**Work to be completed:**
For this exercise, repeat the whole listing below exactly. Leave the pictures out.

[Given information]

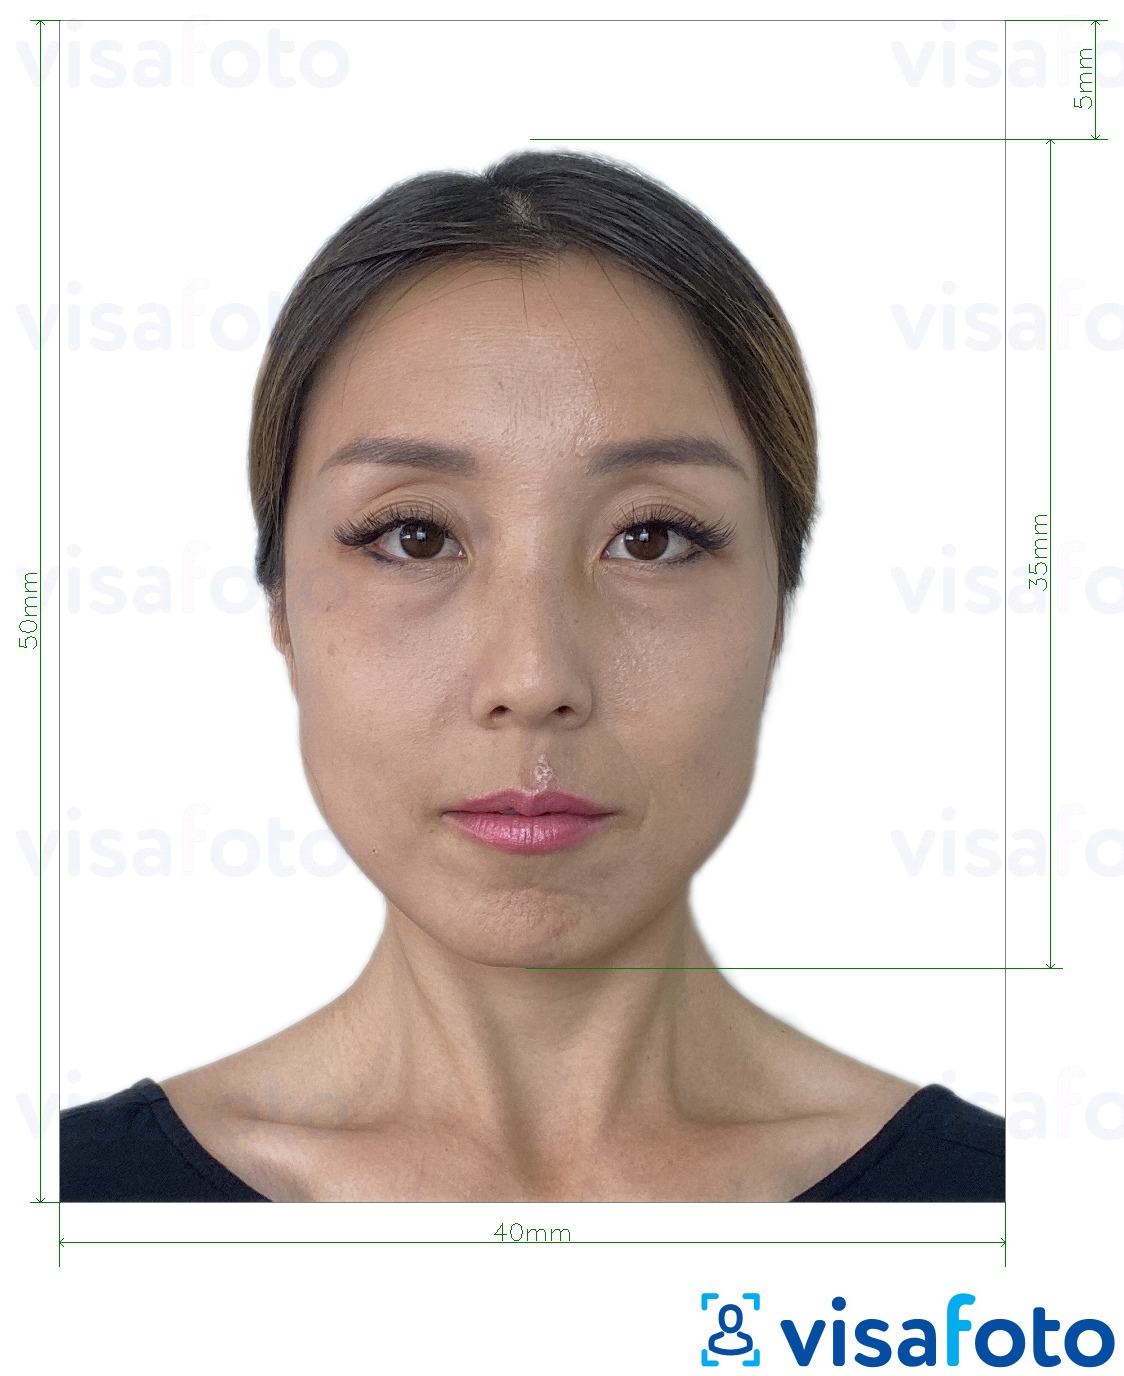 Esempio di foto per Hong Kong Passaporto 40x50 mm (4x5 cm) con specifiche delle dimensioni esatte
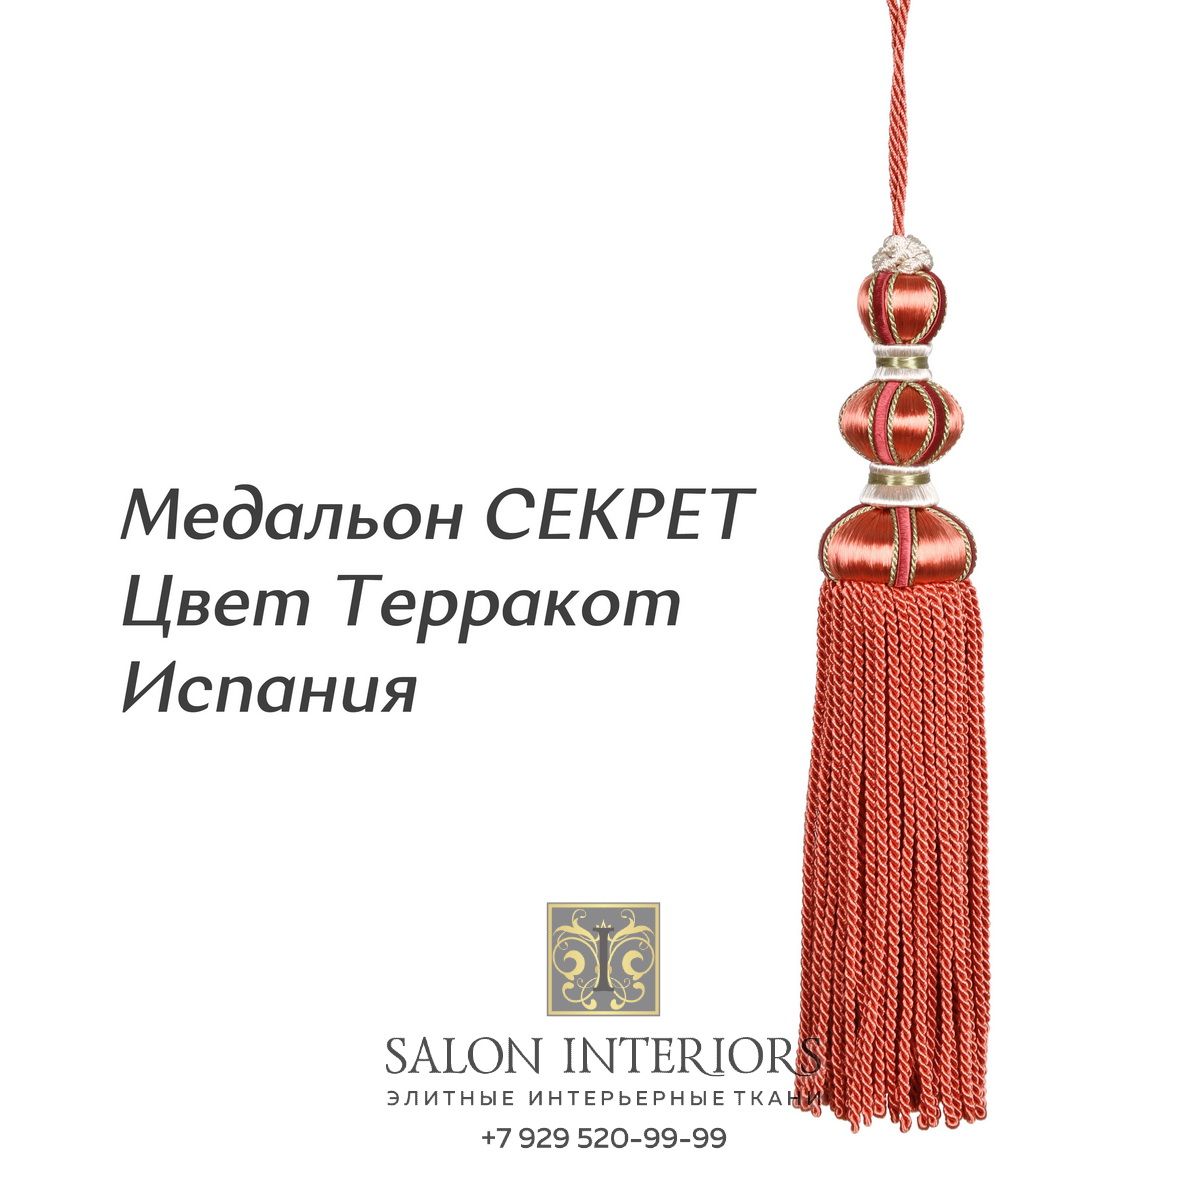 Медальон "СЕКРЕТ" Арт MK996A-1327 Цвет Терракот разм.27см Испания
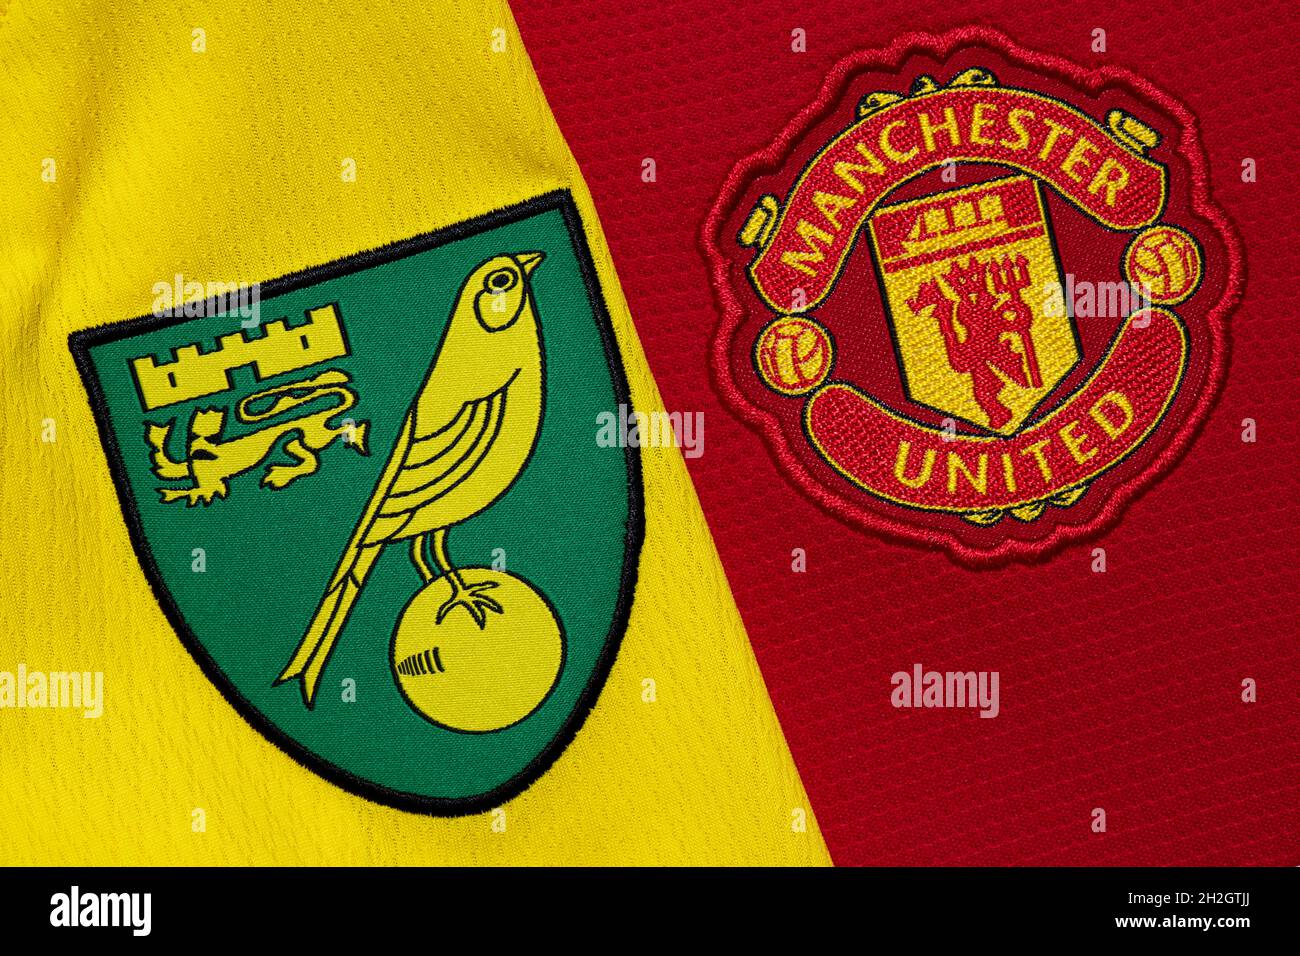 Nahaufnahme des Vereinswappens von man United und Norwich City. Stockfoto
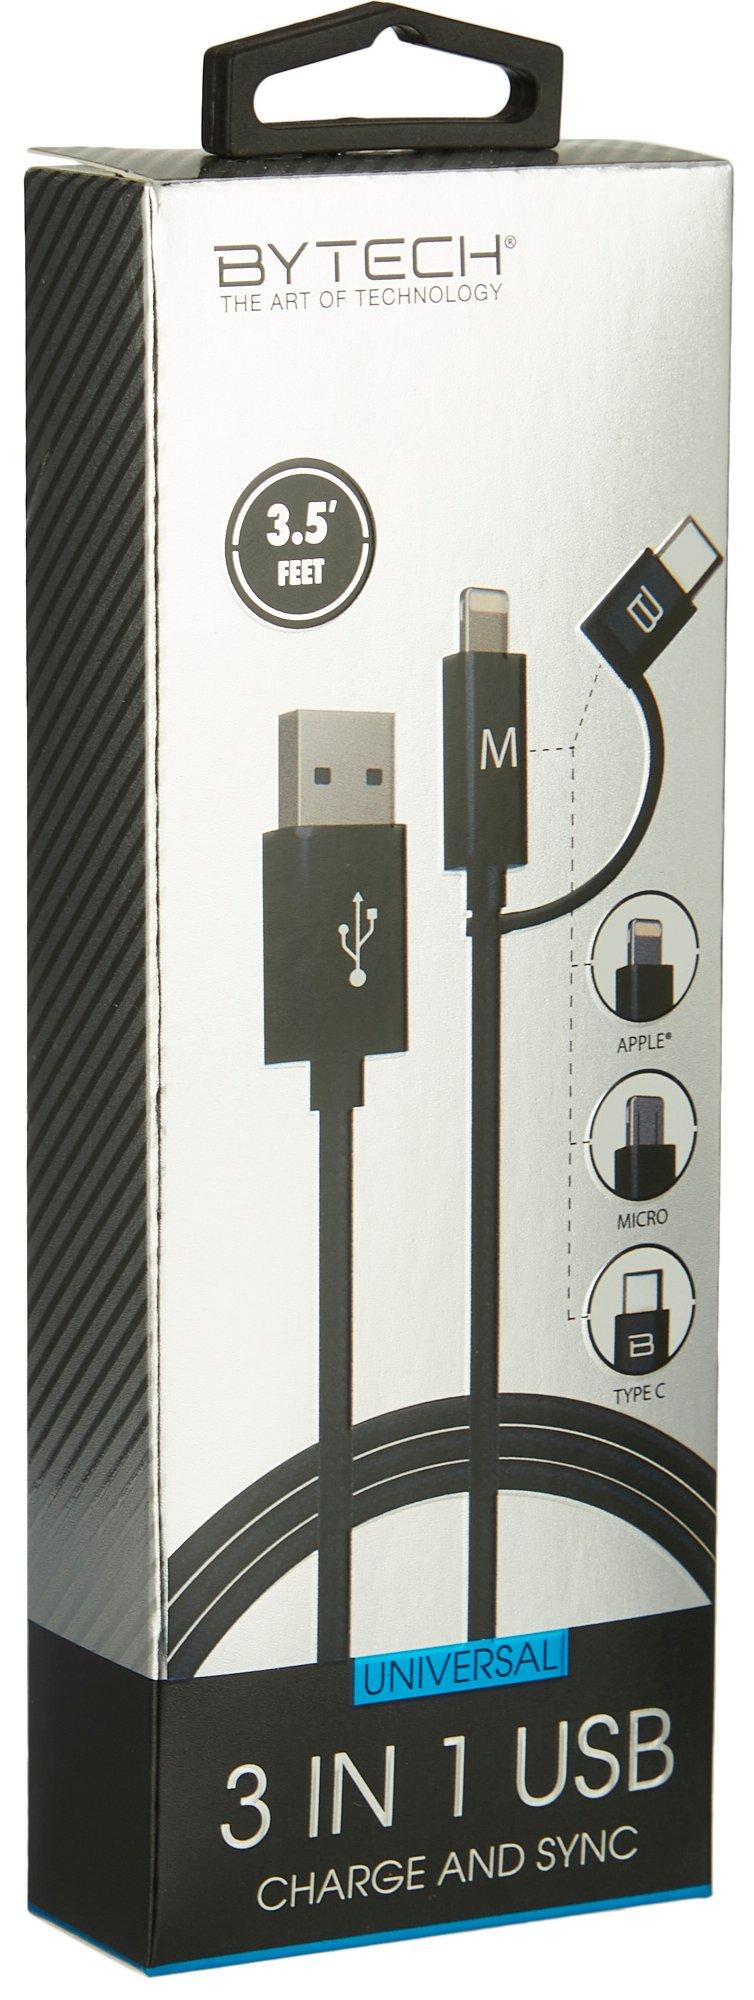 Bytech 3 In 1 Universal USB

[/Given information]

**Expected answer:**
 Esempio di foto per Hong Kong Passaporto 40x50 mm (4x5 cm) con specifiche delle dimensioni esatte
 Медальон "СЕКРЕТ" Арт MK996A-1327 Цвет Терракот разм.27см Испания
 Nahaufnahme des Vereinswappens von man United und Norwich City. Stockfoto
 Bytech 3 In 1 Universal USB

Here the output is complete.